Raw data >>

▼

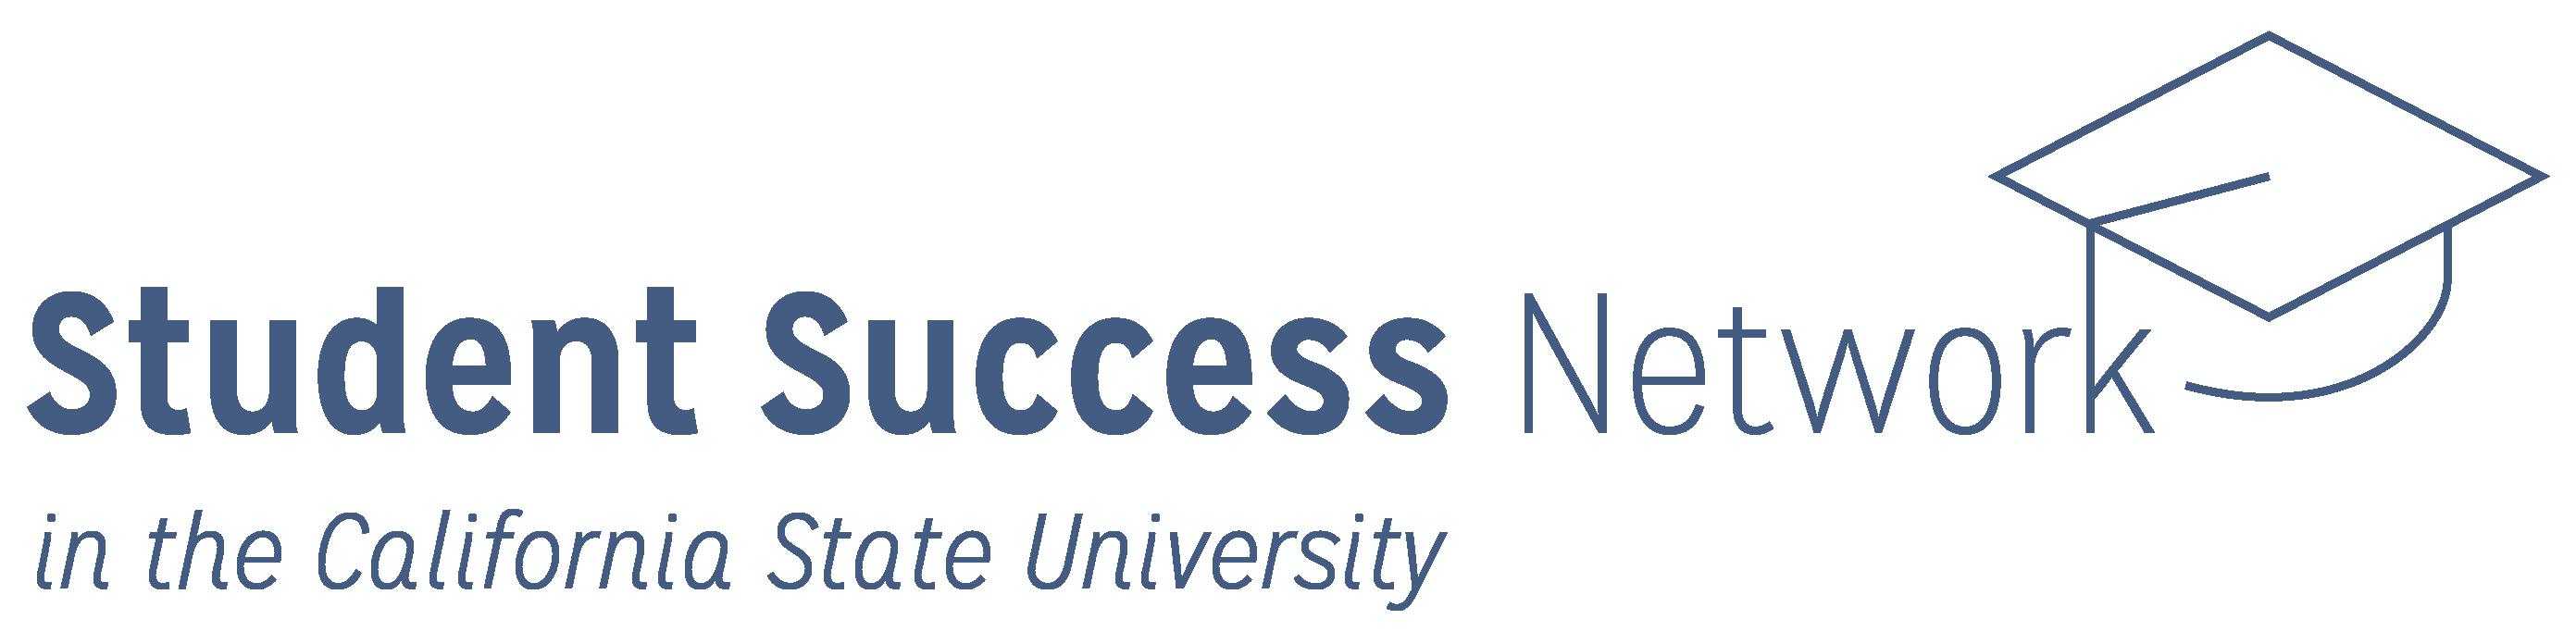 CSU Student Success Network Logo
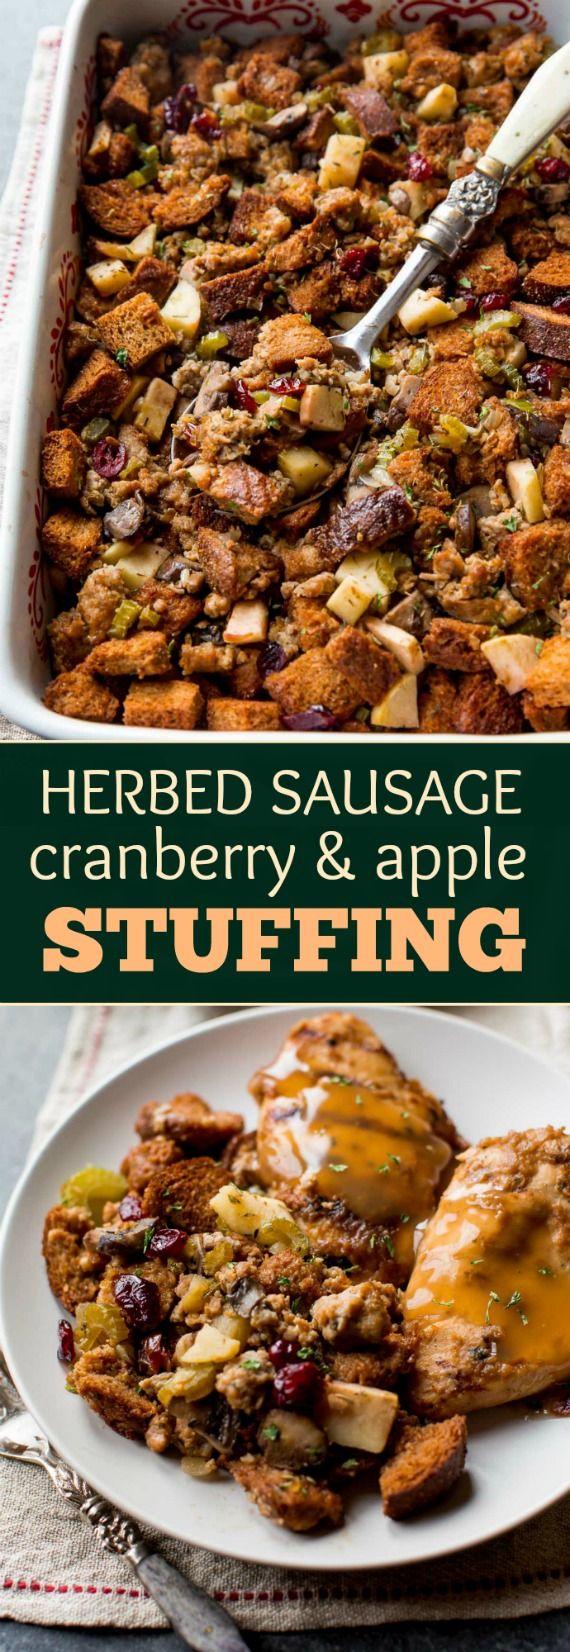 Thanksgiving stuffing with sausage, lots of savory herbs, sweet apples, sausage, and mushrooms! Make ahead side dish. Recipe on sallysbakingaddiction.com
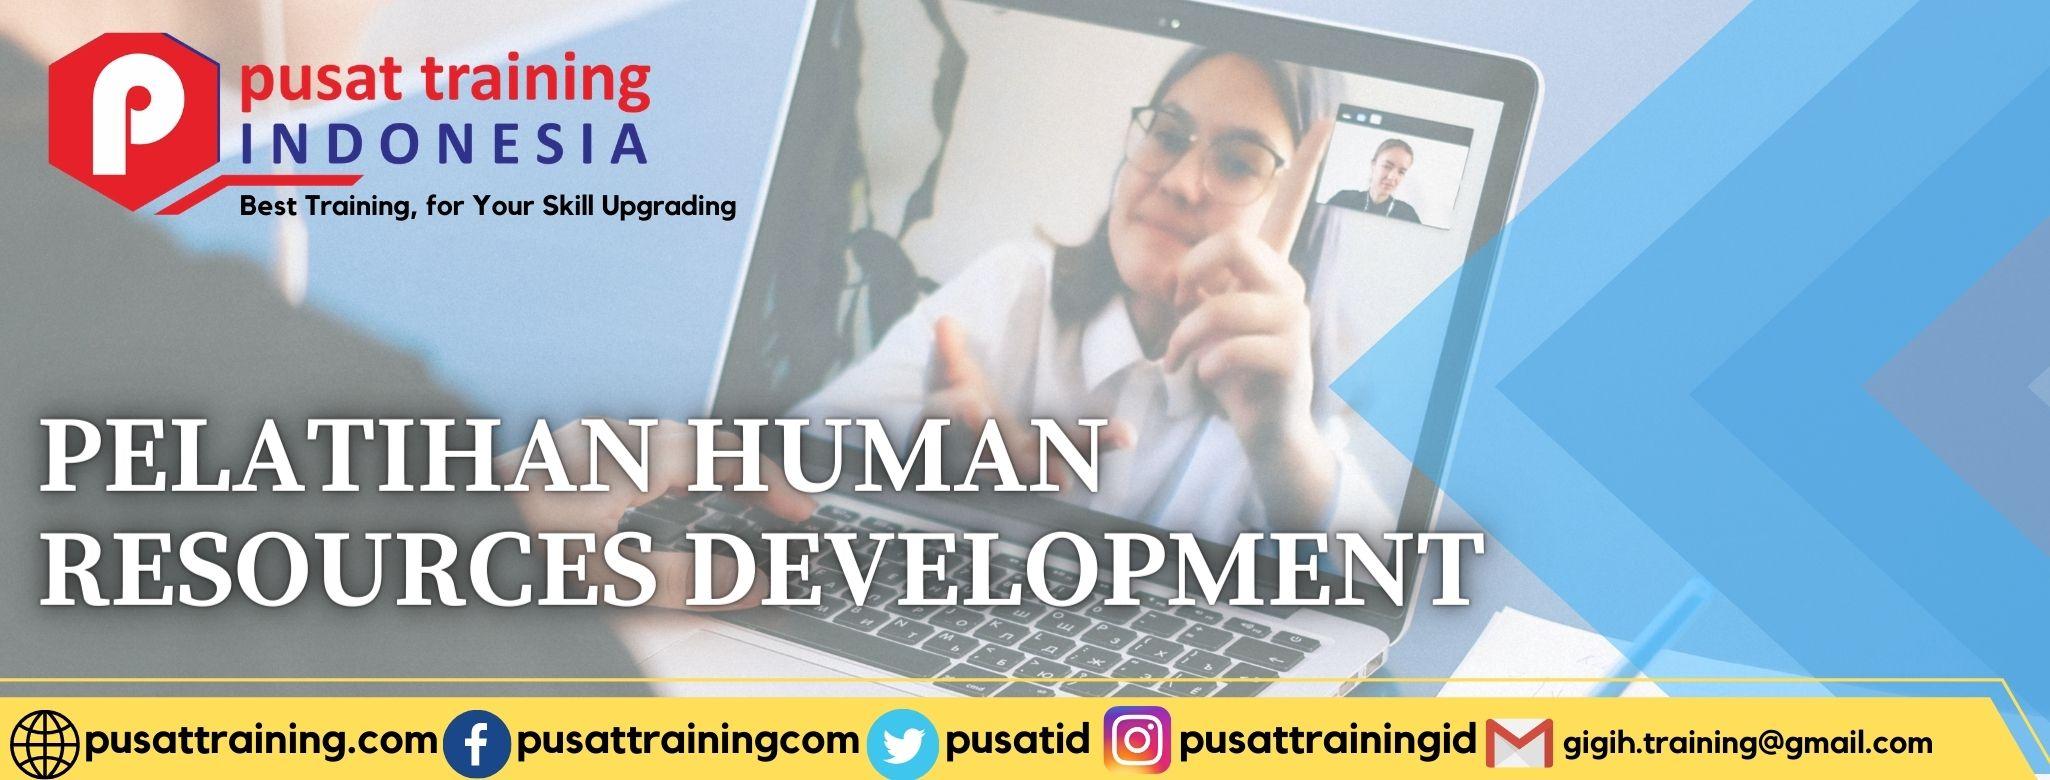 pelatihan-human-resources-development
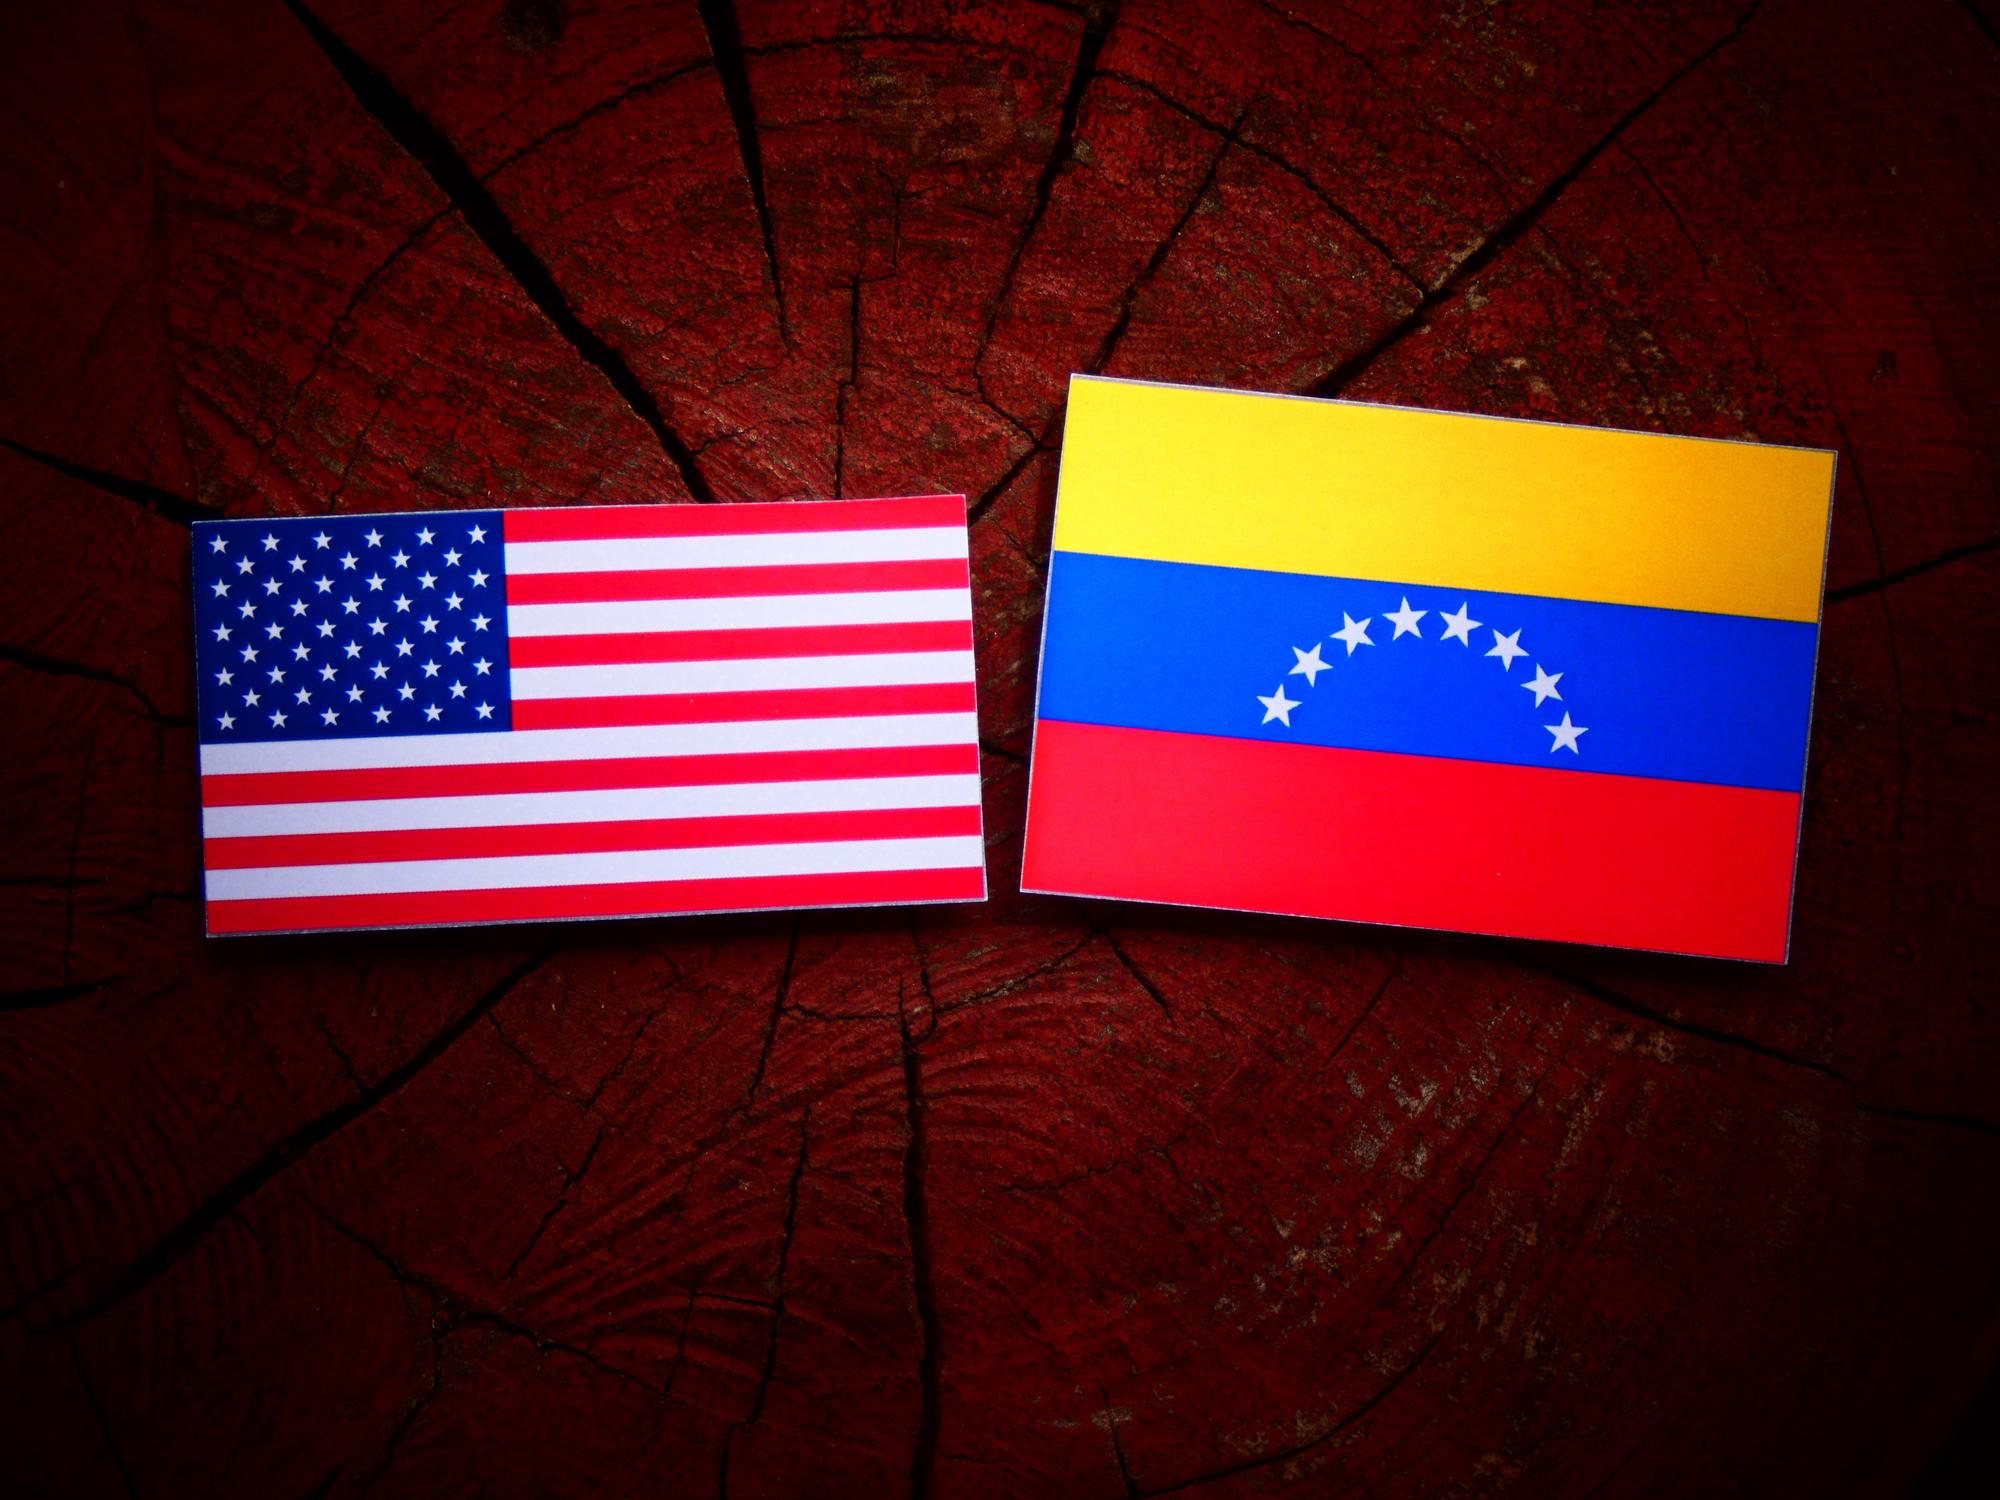 USA-flag-with-Venezuelan-flag-on-a-tree-stump-isolated-823303598_2003x1502.jpeg

▲

Task instructions >> Would you set down each line of the data exactly, with no images included?

Response >>
 CSU Student Success Network Logo
 Thanksgiving stuffing with sausage, lots of savory herbs, sweet apples, sausage, and mushrooms! Make ahead side dish. Recipe on sallysbakingaddiction.com
 pelatihan-human-resources-development
 USA-flag-with-Venezuelan-flag-on-a-tree-stump-isolated-823303598_2003x1502.jpeg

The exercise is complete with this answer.